As occupancy plummets, hotels face bankruptcy

by Stephanus Surjaputra on March 9, 2009

Famous for being used for the opening shots of Hawaii-Five-O, the Ilikai in Waikiki is facing foreclosure because its owner failed to repay a loan that’s due. The owner is trying to sell the hotel-condo and it may be forced to close if it can’t find a buyer.

Court-appointed commissioner George Van Buren said that customers won’t notice a difference in service. He says that it’s unlikely the property will close — but he can’t be sure of that.

Mark Woodworth of PKF Hospitality Research says that many more hotels will “lack the cash flow” needed to pay their monthly mortgages in 2009.

While it’s rare for hotels to close, they are cutting back on services to save money. Fewer restaurants will open, room service hours will be cut and there will be fewer people working the front desk and the bell stand.

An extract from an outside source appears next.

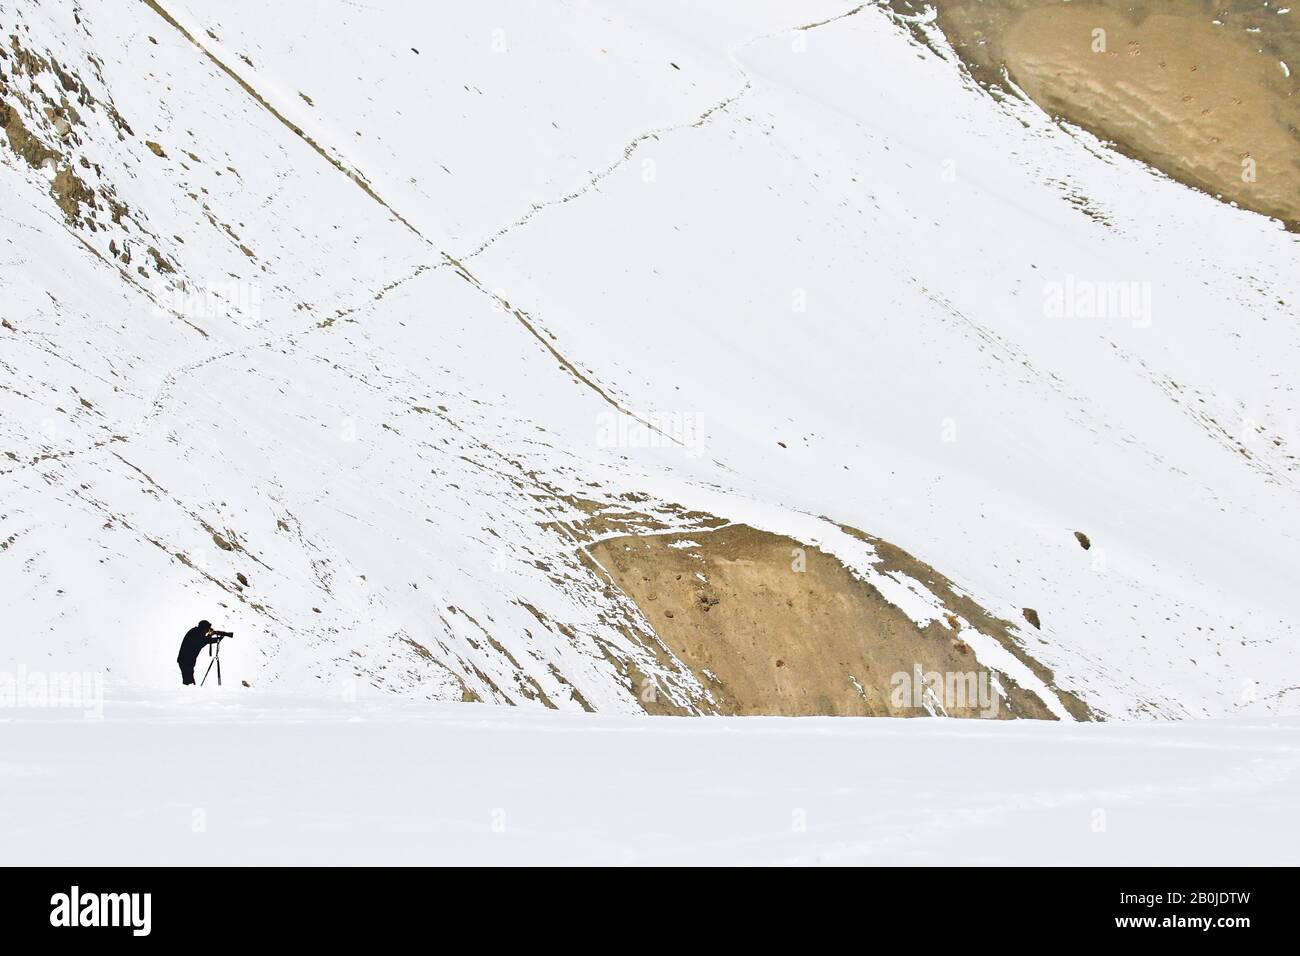 Photographer searching snow leopard in Rumbak valley. Ladakh. Himalayas. India Stock Photo

Among other large hotels that have undergone foreclosure or under notice for foreclosure: Renaissance Grand & Suites Hotel in St. Louis, and W Hotel and InterContinental Montelucia Resort, both in Scottsdale, Ariz. Owners of Ritz-Carlton Lake Las Vegas, Sheraton Downtown Orlando and The Tropicana in Las Vegas have filed for bankruptcy. MGM Mirage said this month that it “might not be able to stay in compliance” with a loan, which could lead to default.

Hotel operators say that it’s business as usual, but hotel consultant Richard Warnick suggests going with hotels that have been around for a while.

Bob Eaton of PKF Capital says those booking large weddings or meetings read the contract carefully. If a hotel goes bankrupt, they are considered unsecured creditors, which means they will be the last to be paid.